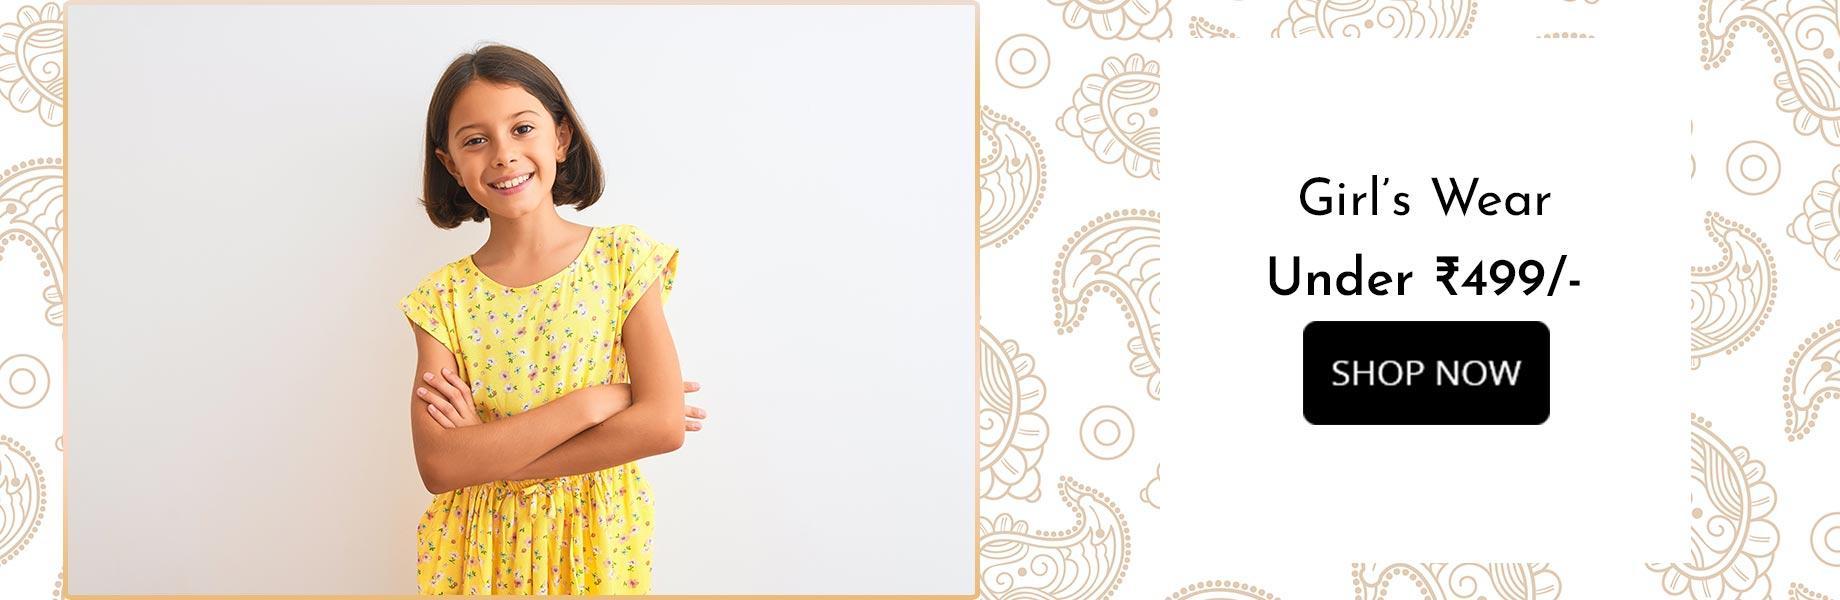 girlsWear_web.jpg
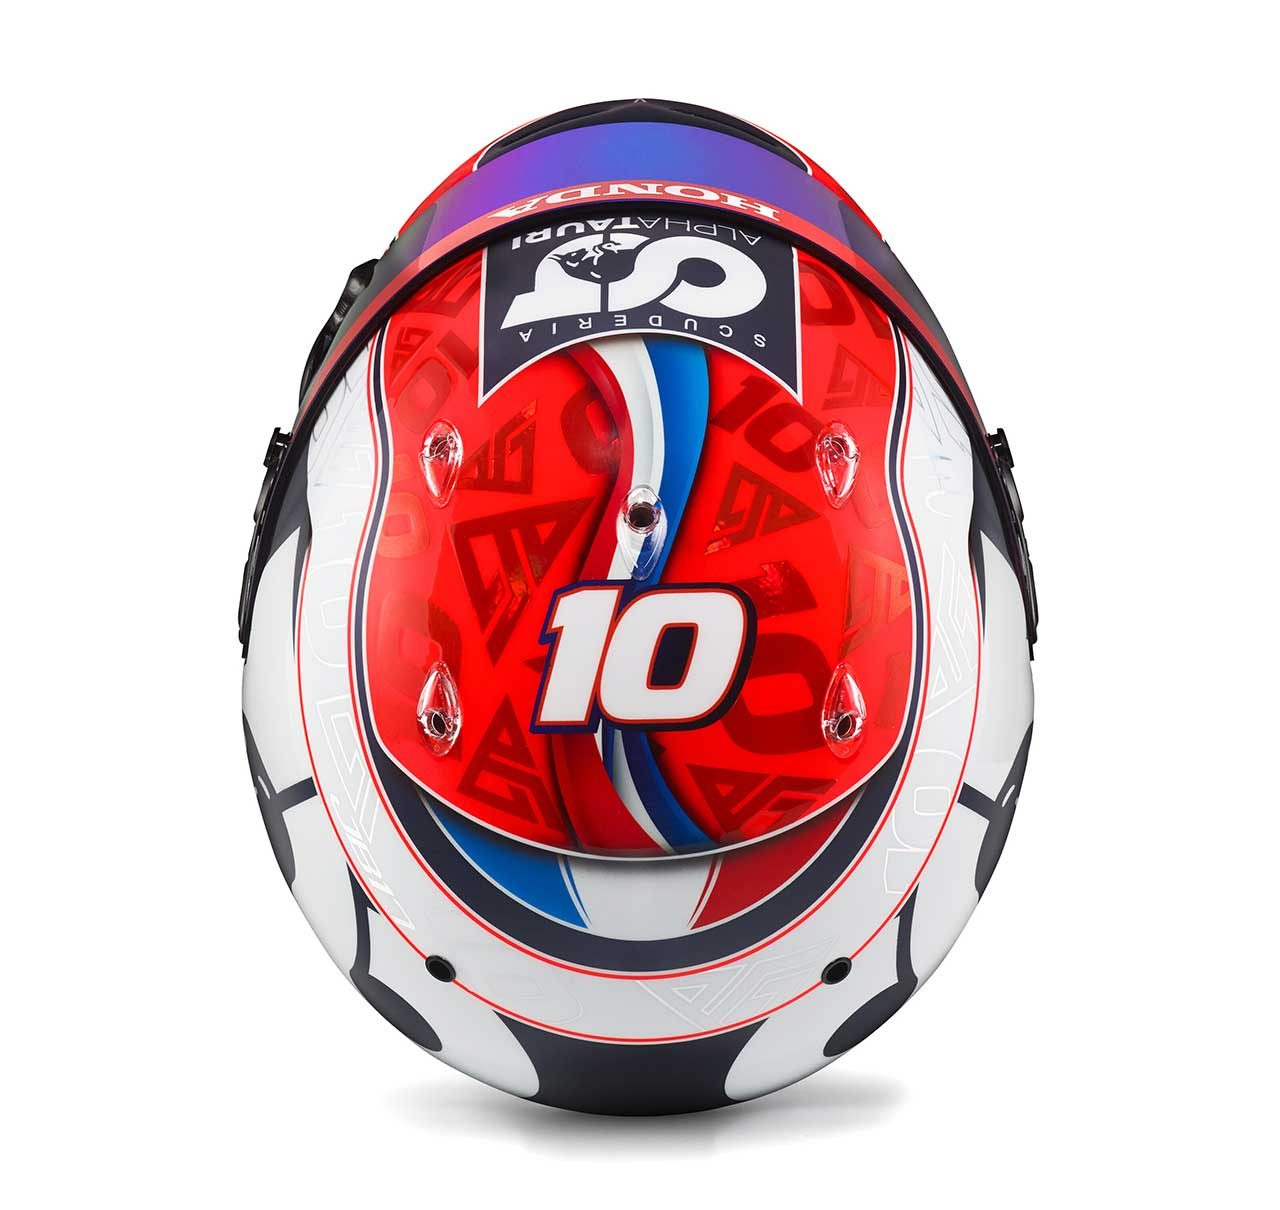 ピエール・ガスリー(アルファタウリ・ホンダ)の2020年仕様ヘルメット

==

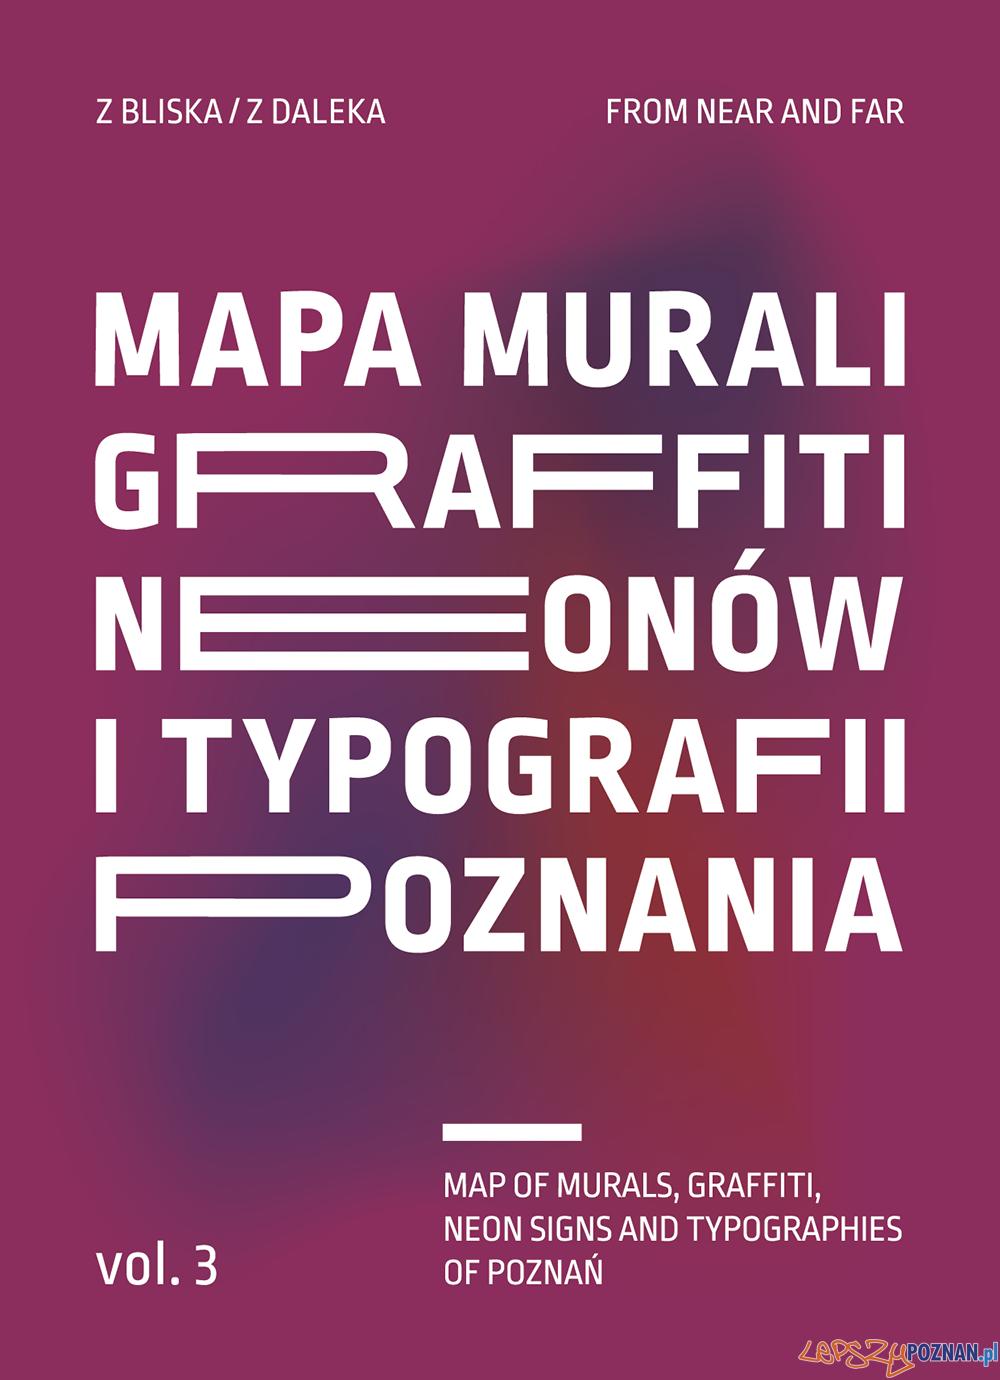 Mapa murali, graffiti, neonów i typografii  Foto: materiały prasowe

_Activity_:
Nothing but the lines above from the one that has "girlsWear_web.jpg" down to the one that has "ピエール・ガスリー(アルファタウリ・ホンダ)の2020年仕様ヘルメット" belongs in the answer, copied exactly, without pictures.

_Output_:
 girlsWear_web.jpg
 ピエール・ガスリー(アルファタウリ・ホンダ)の2020年仕様ヘルメット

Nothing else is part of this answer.